As an example, I find myself not anticipating rapid passages with any sense of preparation (no unnecessary brain chatter). I’m just letting myself play. Same with playing in the extreme registers of the instrument. In essence, I stop “getting ready to play.” I simply play, and discover as I go along, how much effort, how much tension, how much energy I need.

And I aspire to carry this attitude into my playing each day, maintaining the my beginner’s mind.

Usually what I do at the start of my practice session is to produce a sound on the saxophone with as little effort as possible. This usually means that in the first few minutes I get no sound, other than the air going through the mouthpiece (not vibrating the reed.) As I begin to increase my energy, coupled with my intention, I gradually begin to get the reed to vibrate, and I learn how much effort is necessary in that moment, in that room, with that particular reed, to create a sound.

From there I continue to gradually increase my efforts until I’m getting a sound that pleases me. Just the right amount of effort to express my sound. All because I let myself discover, not knowing until I get there. I approach my technical work the same way. How little effort does it take?

One of the aims of the Alexander Technique is to help you learn how to gauge the appropriate amount of tension for an activity (musical or otherwise),  by observing the relationship of the head, neck and back.

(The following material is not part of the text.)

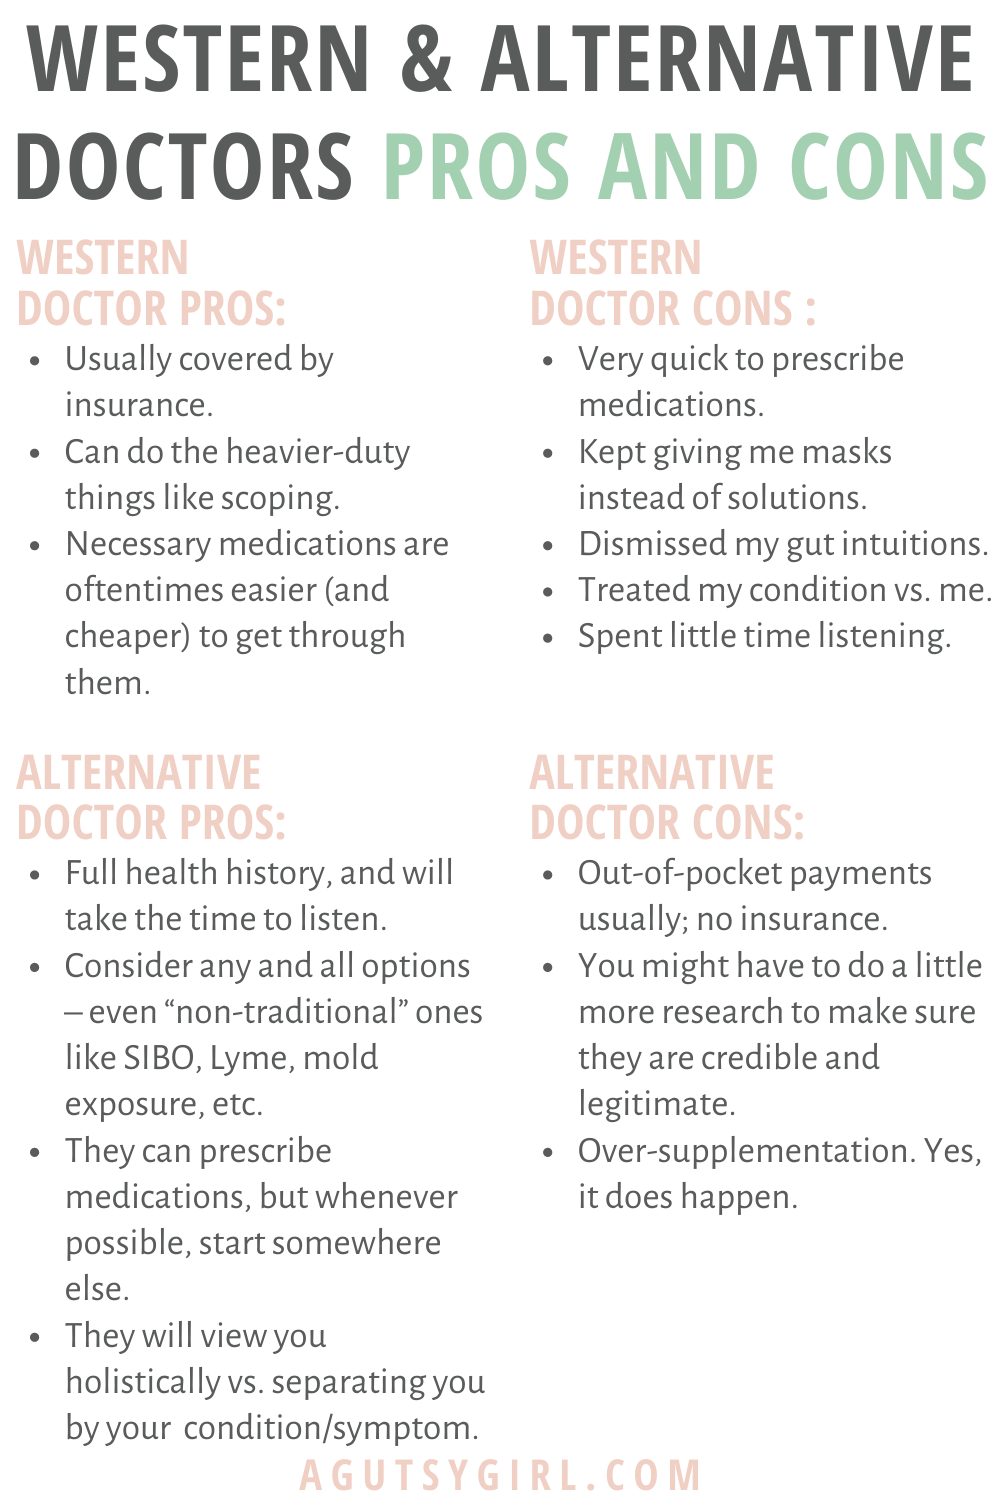 Beginner's Guide to Digestive Health Testing agutsygirl.com #guthealth #digestivehealth #medicine western vs alternative doctors

When there is too much effort, the neck usually tenses and shortens, which causes the back to narrow and stiffen, which then interferes with everything else (hands, breathing, mouth…you name it). Alexander called this head/neck/back relationship the primary control, as it is primary in conditioning the coordination of the entire organism. (Both my teaching and playing experience confirm this principle to be true without exception.)

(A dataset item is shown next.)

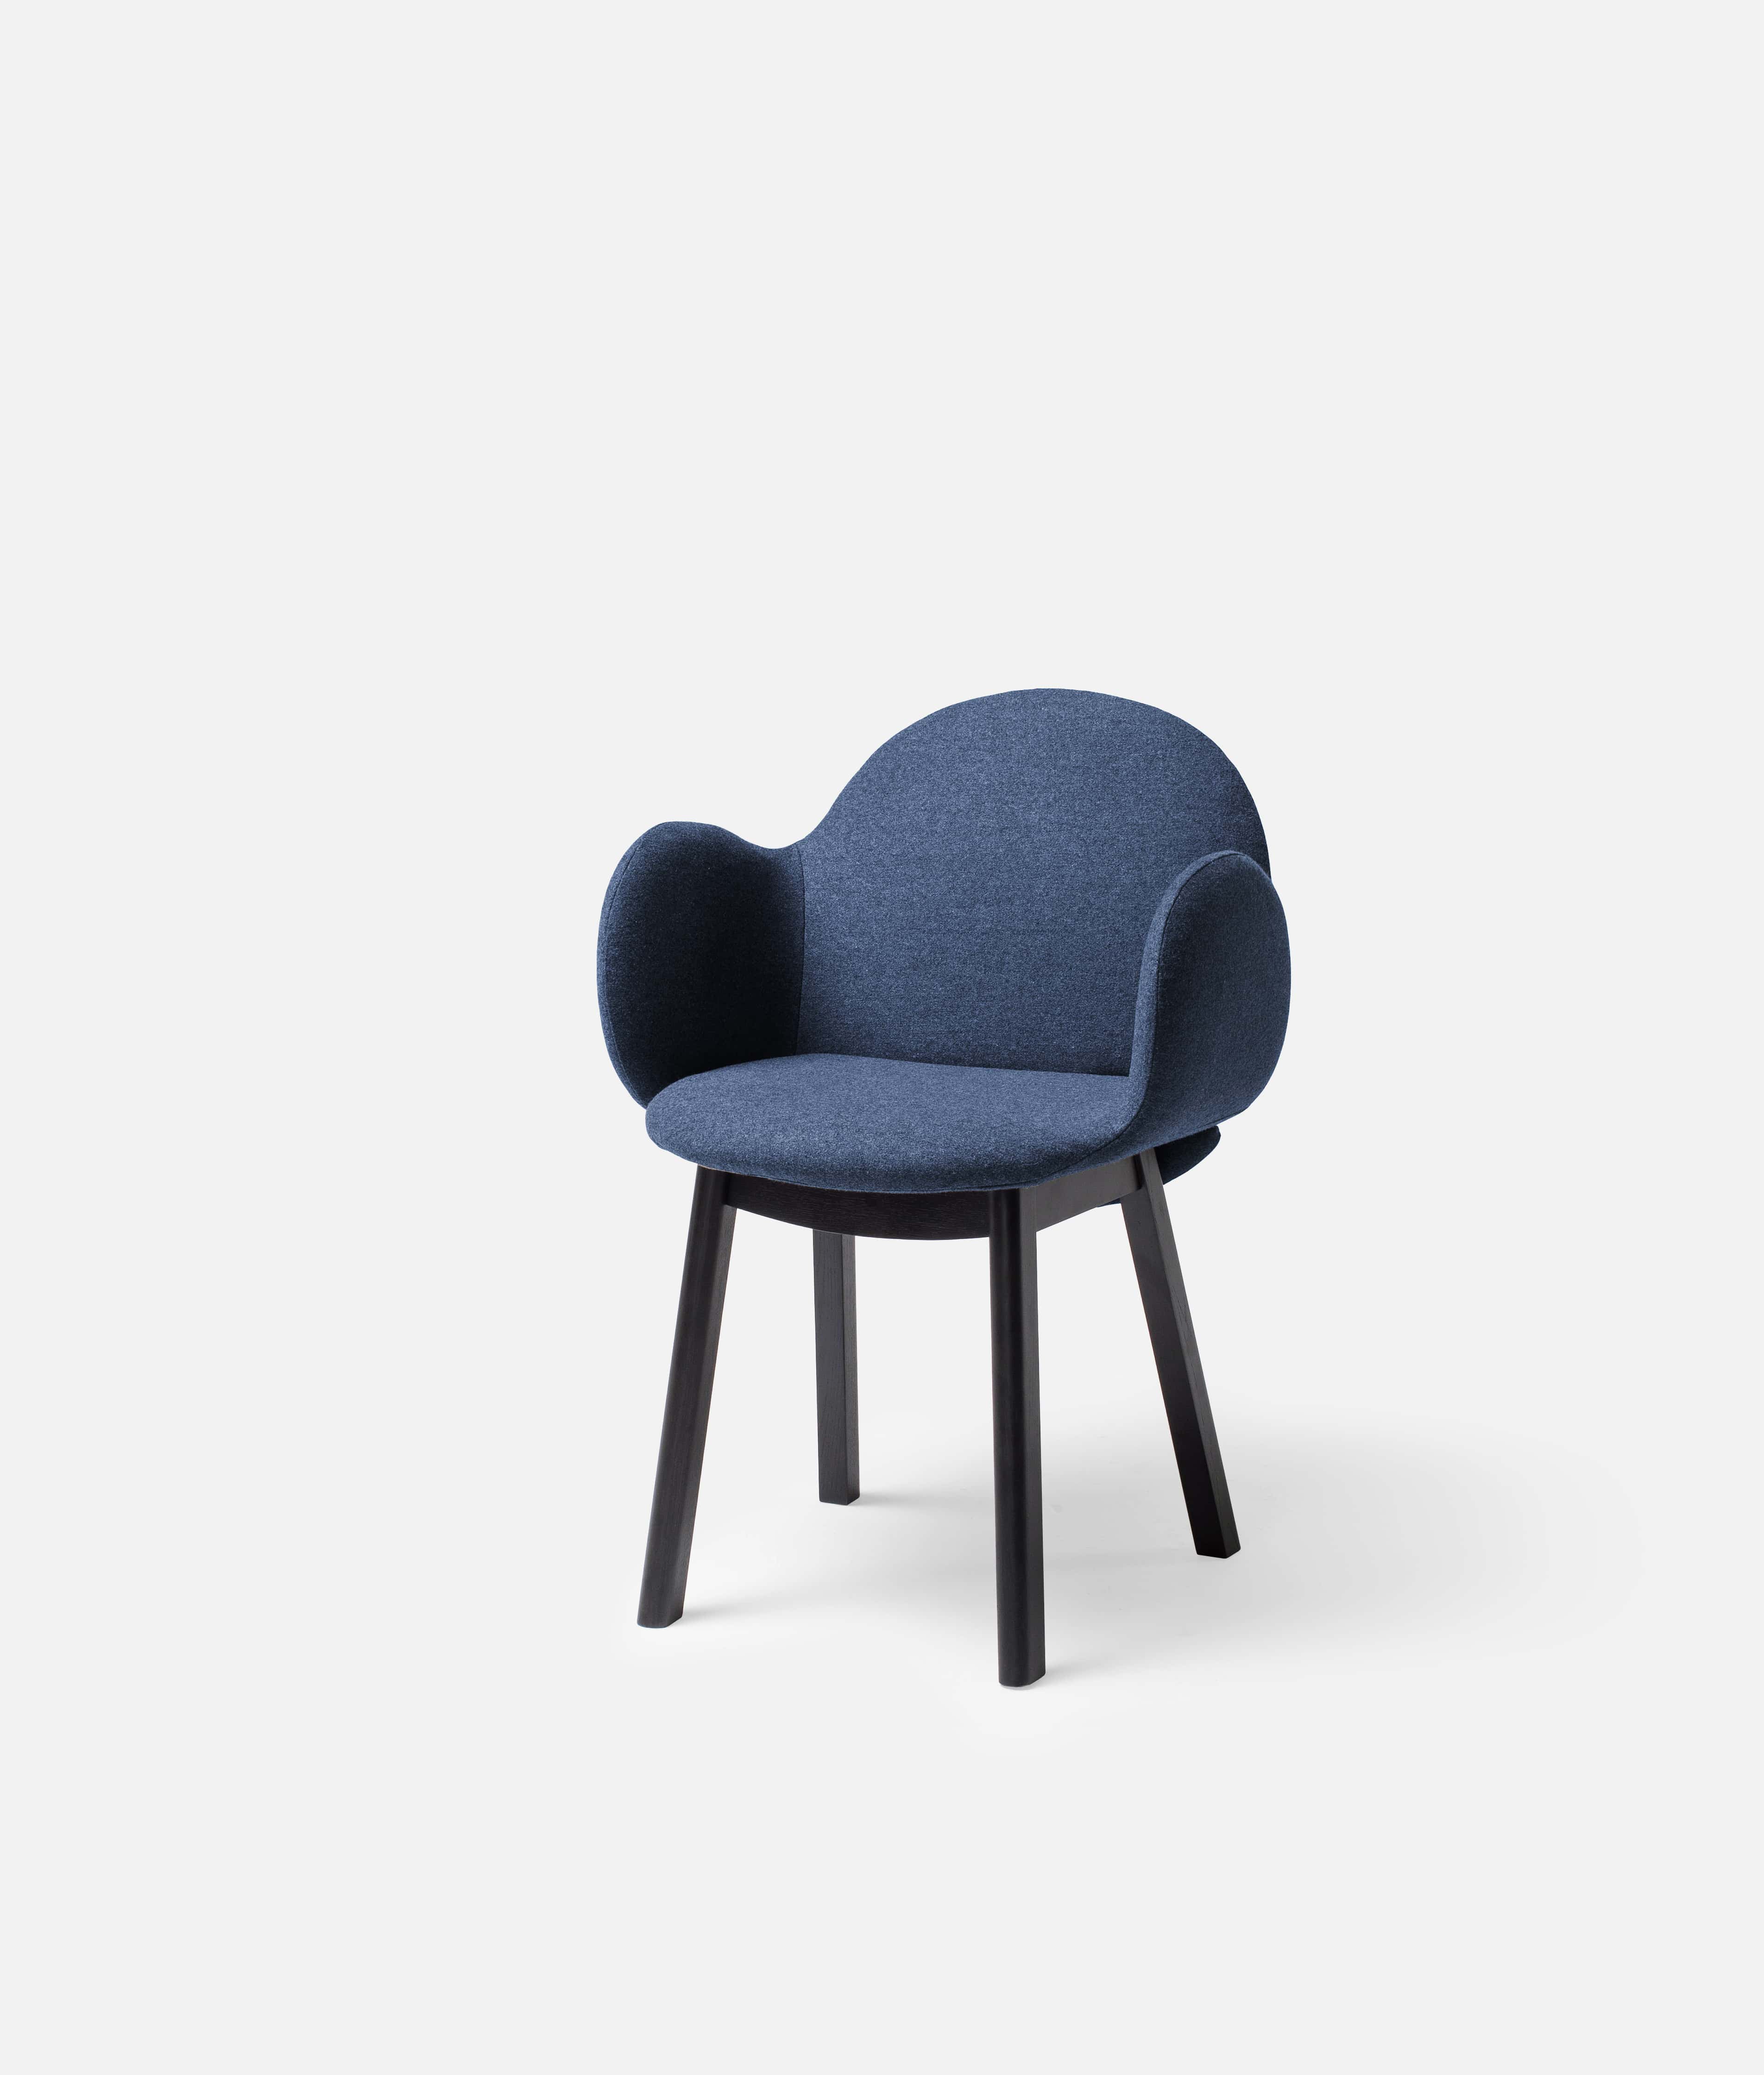 IMPROVISE CHAIR Chair ziinlife Blue

In the Alexander Technique, you learn how to carry out your activities without this tension. As you do, you discover again. You discover over and over that you can do things with even less effort than you thought. It is a life long journey of discovery.

You never really know how little effort it ultimately takes to play your instrument (or do anything else, for that matter). You learn only that you can always do less, and that as you do less, you get so much more.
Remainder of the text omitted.